PII proteins as global regulators of bacterial nitrogen metabolism

• Nitrogen is an essential element to sustain life, being a component of most biological macromolecules. In spite of the abundance of gaseous N2, the availability of nitrogen compounds that can be readily used by most microorganisms is scarce and its production energetically demanding. Due to the central importance of nitrogen metabolism, most microorganisms evolved elaborate mechanisms to ensure efficient regulation, balancing substrate availability, product formation and energy expenditure. In most bacteria, many archaea and some plants, the different aspects of nitrogen metabolism are coordinated by members of the PII family of signal transduction proteins, acting as fundamental molecular messengers controlling several cellular processes.
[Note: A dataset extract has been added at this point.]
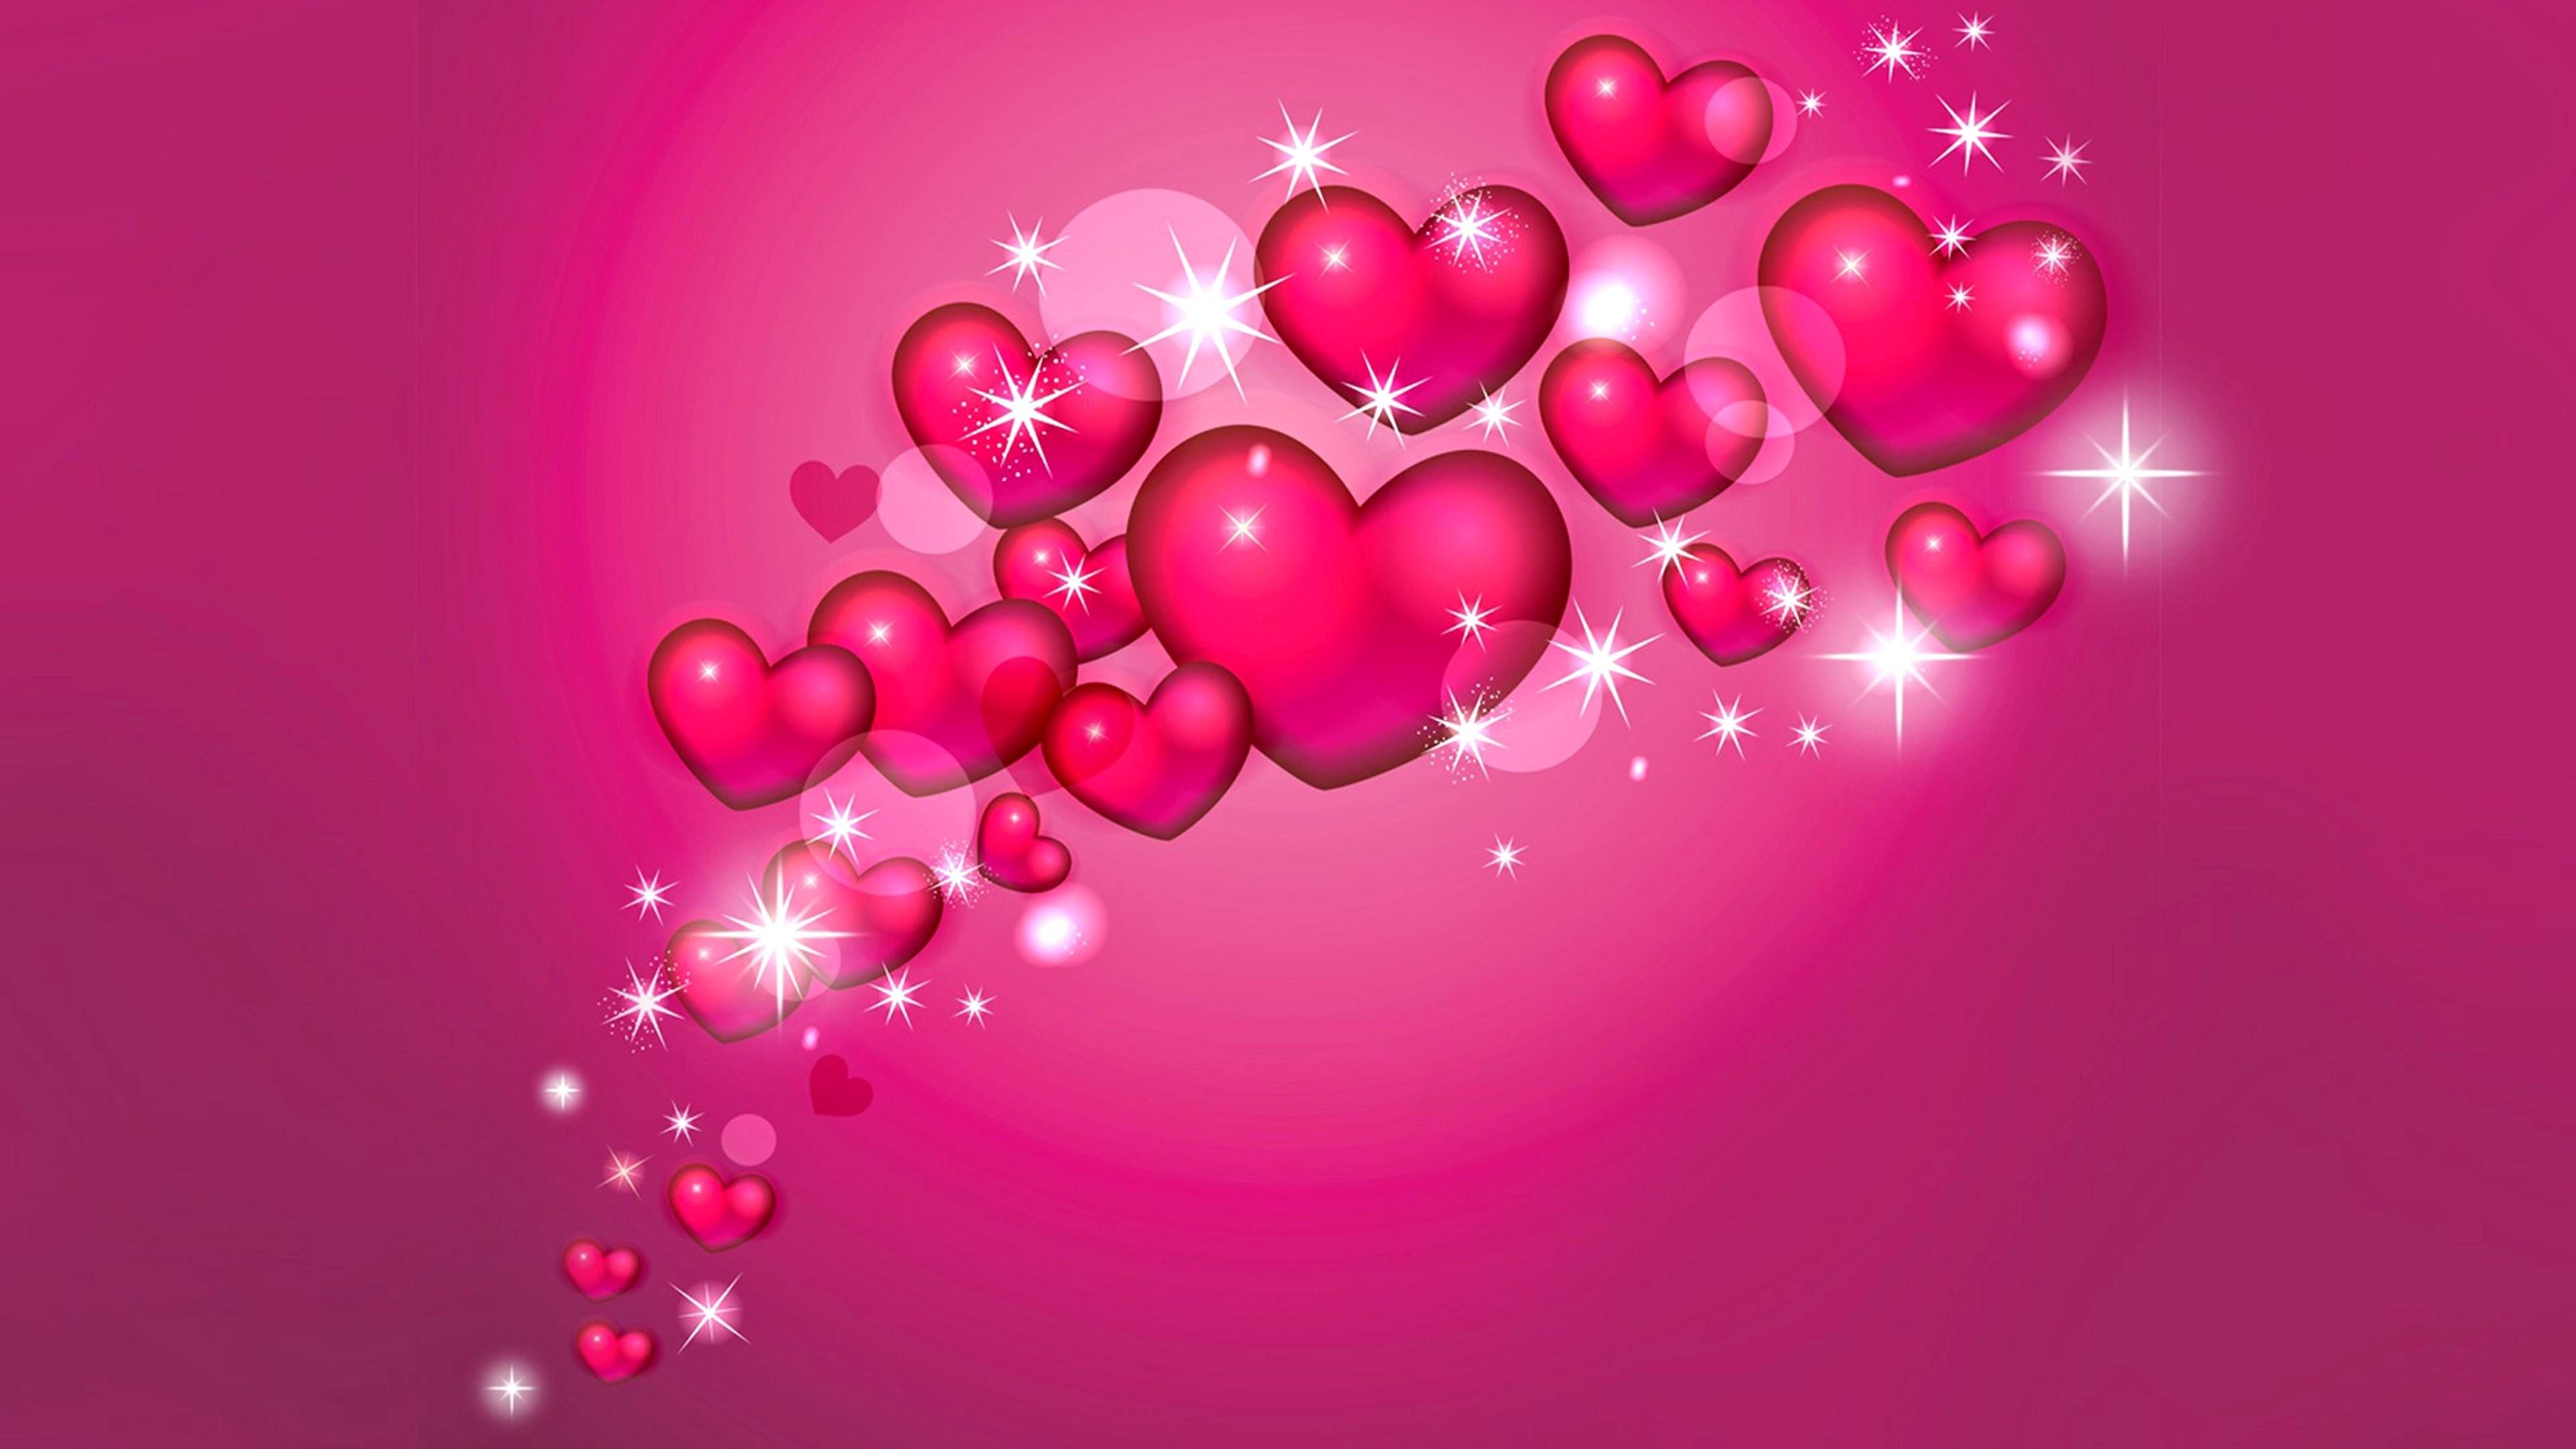 Heart Wallpapers Wallpapertag

In proteobacteria, including the nitrogen fixing organism Rhodospirillum rubrum, these proteins are involved in regulation at different levels: they regulate gene expression, modulating the activity of several transcription factors; they control the flux through the ammonium transport protein (AmtB); they influence the activity of key metabolic enzymes, e.g. glutamine synthetase (GS) and nitrogenase. The signal sensing and integration by these proteins is achieved in two different yet interdependent strategies: allosteric regulation (by the binding of metabolites like ATP, ADP, 2-oxoglutarate) and reversible post-translational modification. Signal integration likely results in different conformations of the proteins, influencing the direct protein-protein interaction with the cellular targets. In the present work, using R. rubrum as a model organism, we have studied some aspects of the biochemistry of PII proteins in terms of regulatory interactions with the ammonium transport protein AmtB1 and the adenylyltransferase GlnE (involved in GS regulation). Additionally, we have investigated the post-translational modification of PII proteins, showing for the first time in vivo in addition in vitro selectivity in the modification of different PII proteins. Our results contributed to elucidate several new aspects in the regulation by PII proteins and also strengthened the idea that these proteins act as global regulators in the context of bacterial nitrogen metabolism.

Ämnesord

NATURVETENSKAP  -- Biologi -- Biokemi och molekylärbiologi (hsv//swe)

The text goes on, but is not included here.